In the entries below, find the line containing "trypsin, chymotrypsin 50,000,aceclofenac" and the line containing "paracetamol 325 mg". Copy those two lines and everything between them exactly, without the pictures.

### INPUT FOR THIS TASK

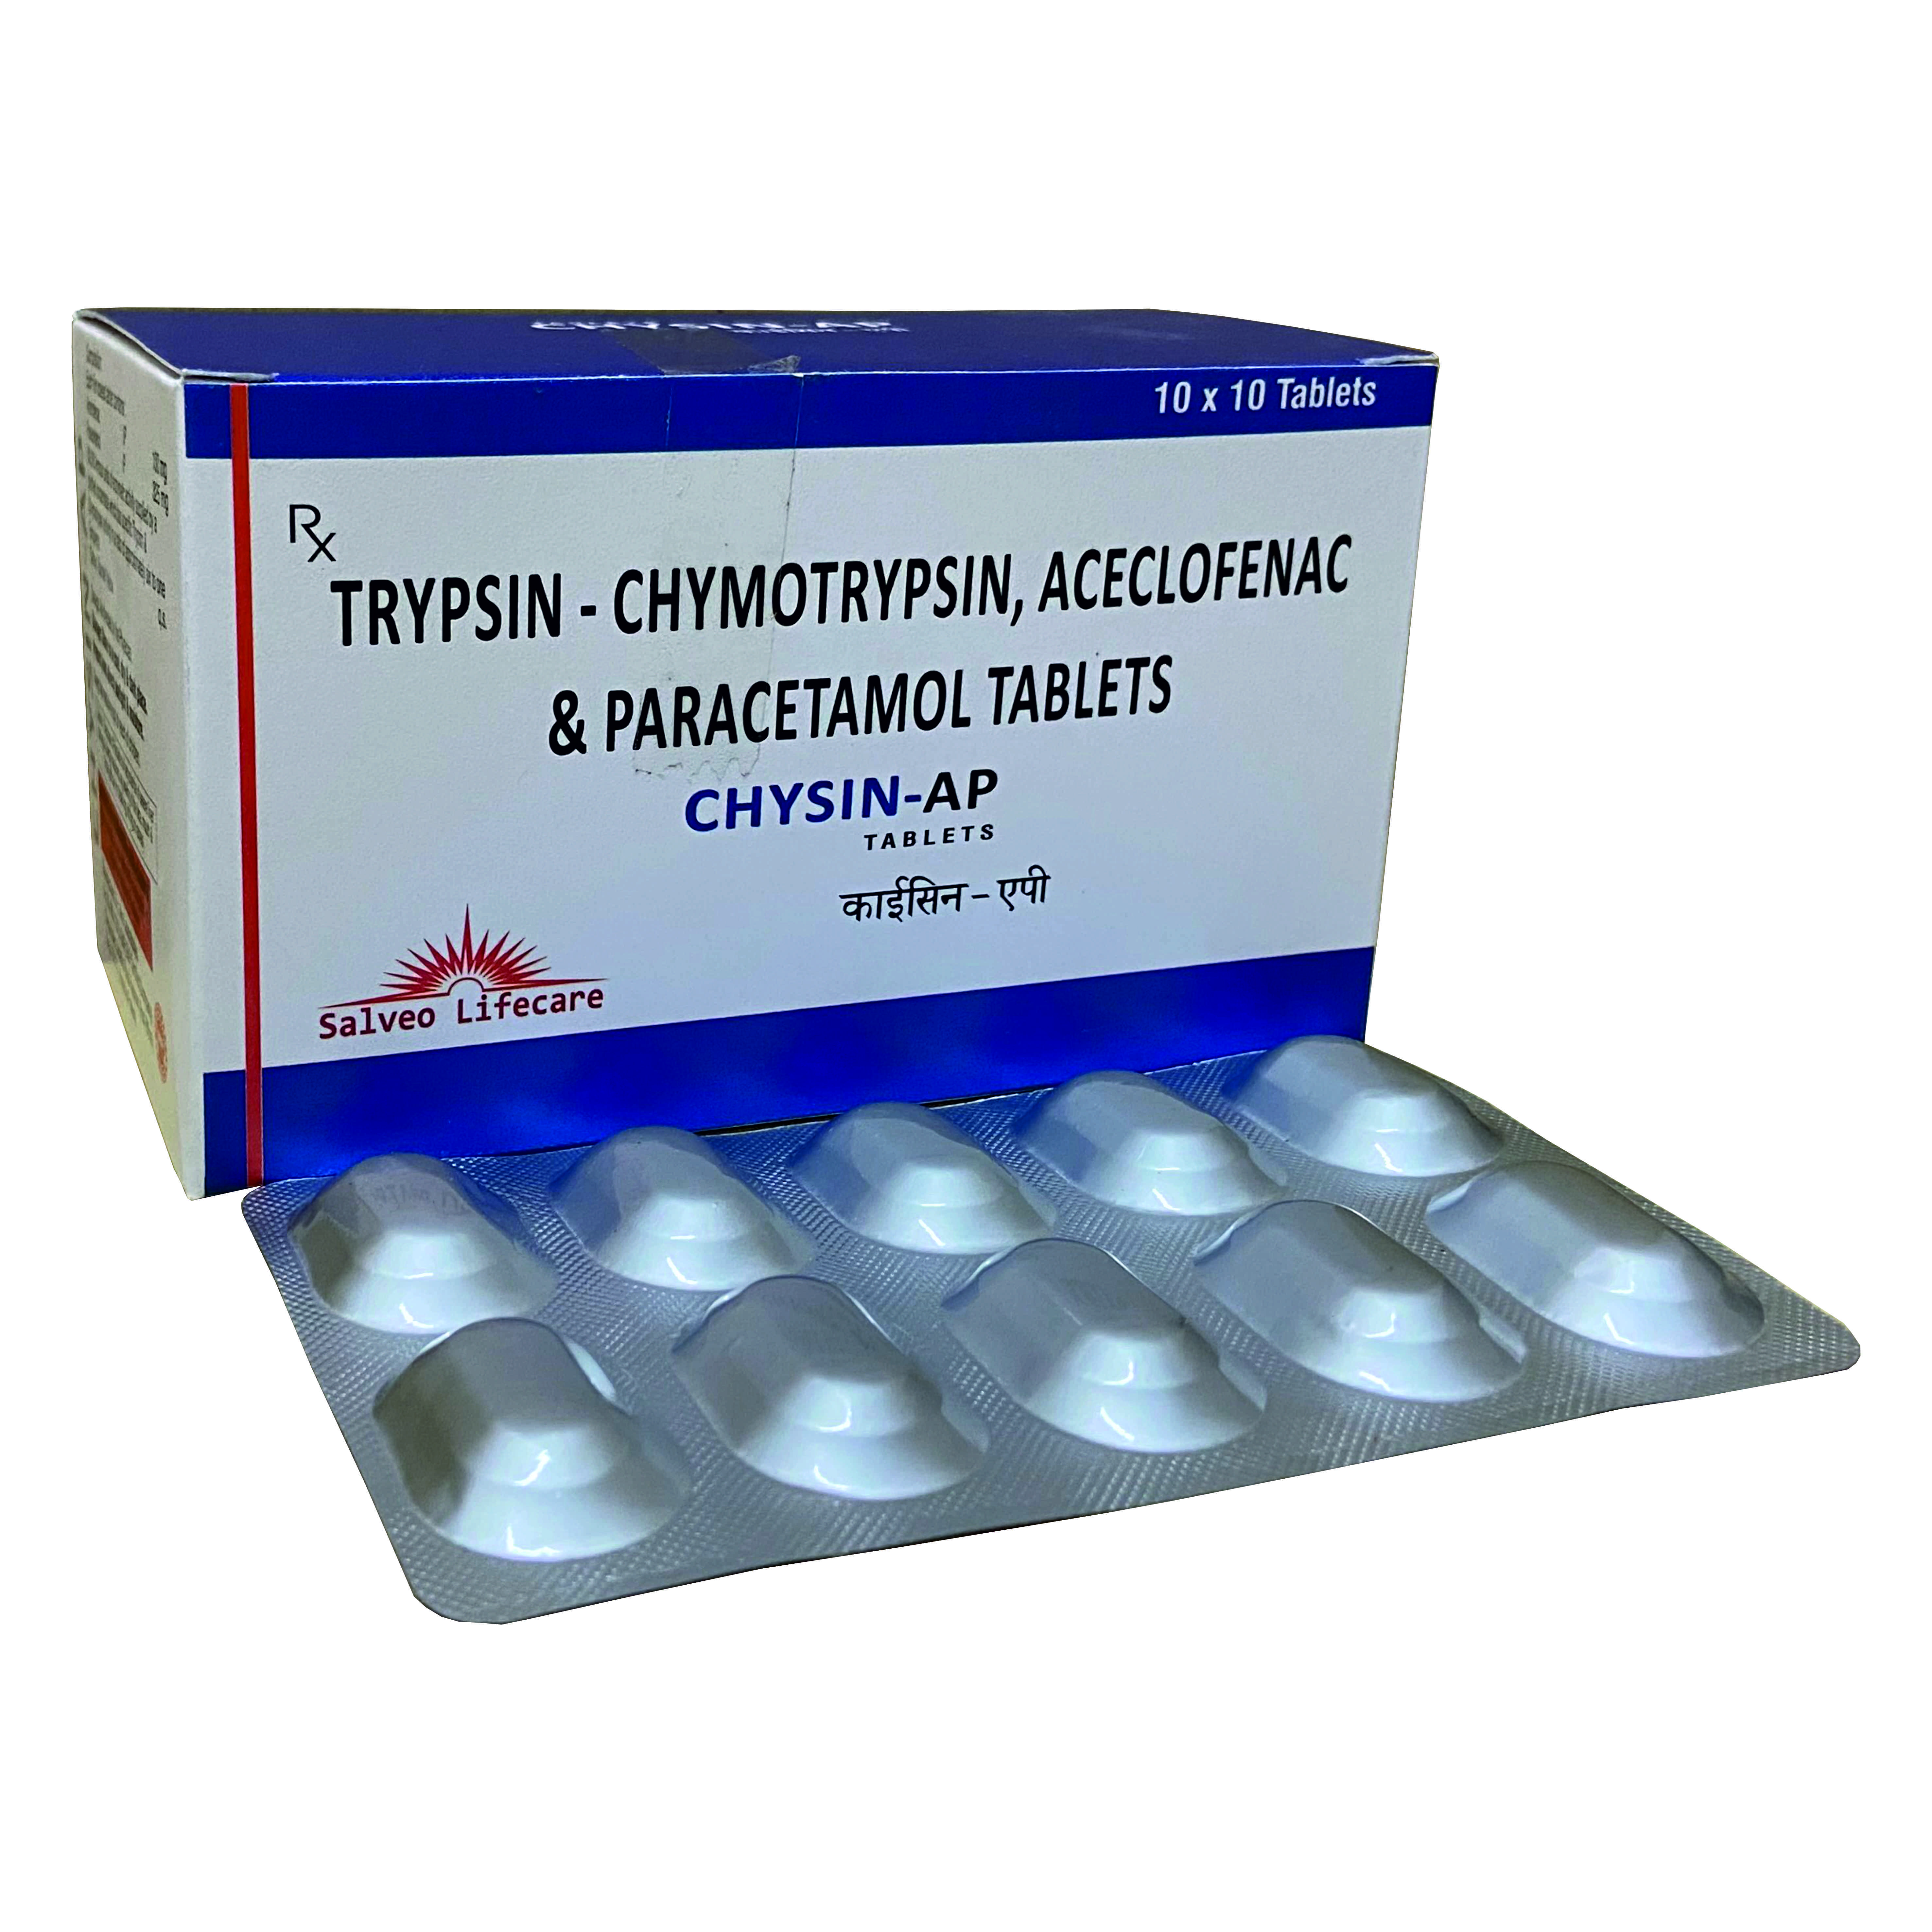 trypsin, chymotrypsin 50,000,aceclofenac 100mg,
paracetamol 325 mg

######
### INPUT FOR THIS TASK

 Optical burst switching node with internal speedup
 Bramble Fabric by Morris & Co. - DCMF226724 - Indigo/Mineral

######
### INPUT FOR THIS TASK

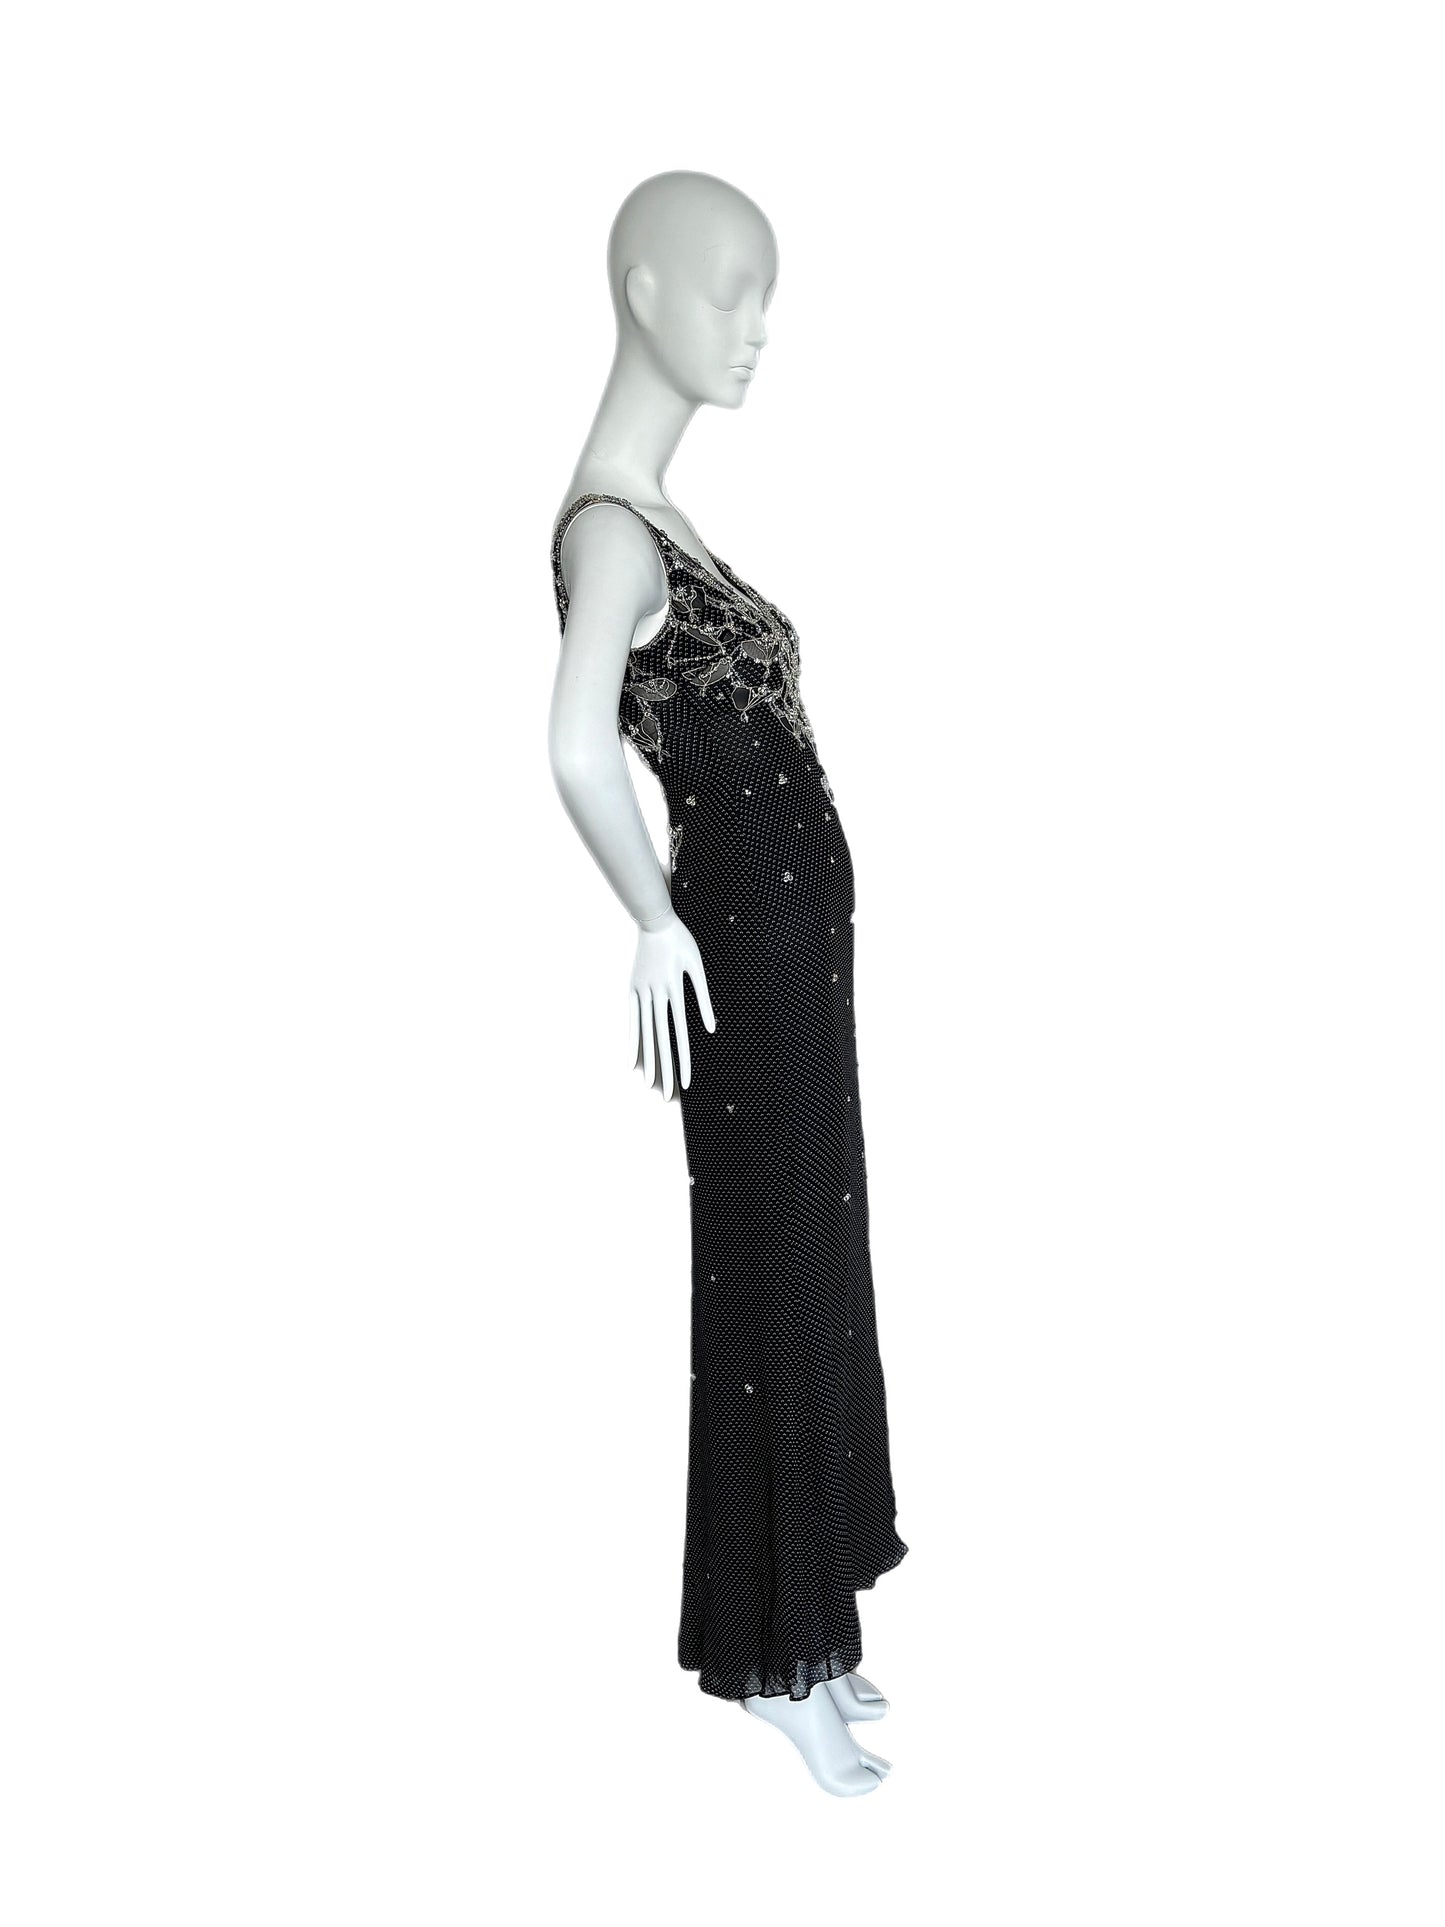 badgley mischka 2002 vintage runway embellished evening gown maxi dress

######

ANSWER BOX →
 trypsin, chymotrypsin 50,000,aceclofenac 100mg,
paracetamol 325 mg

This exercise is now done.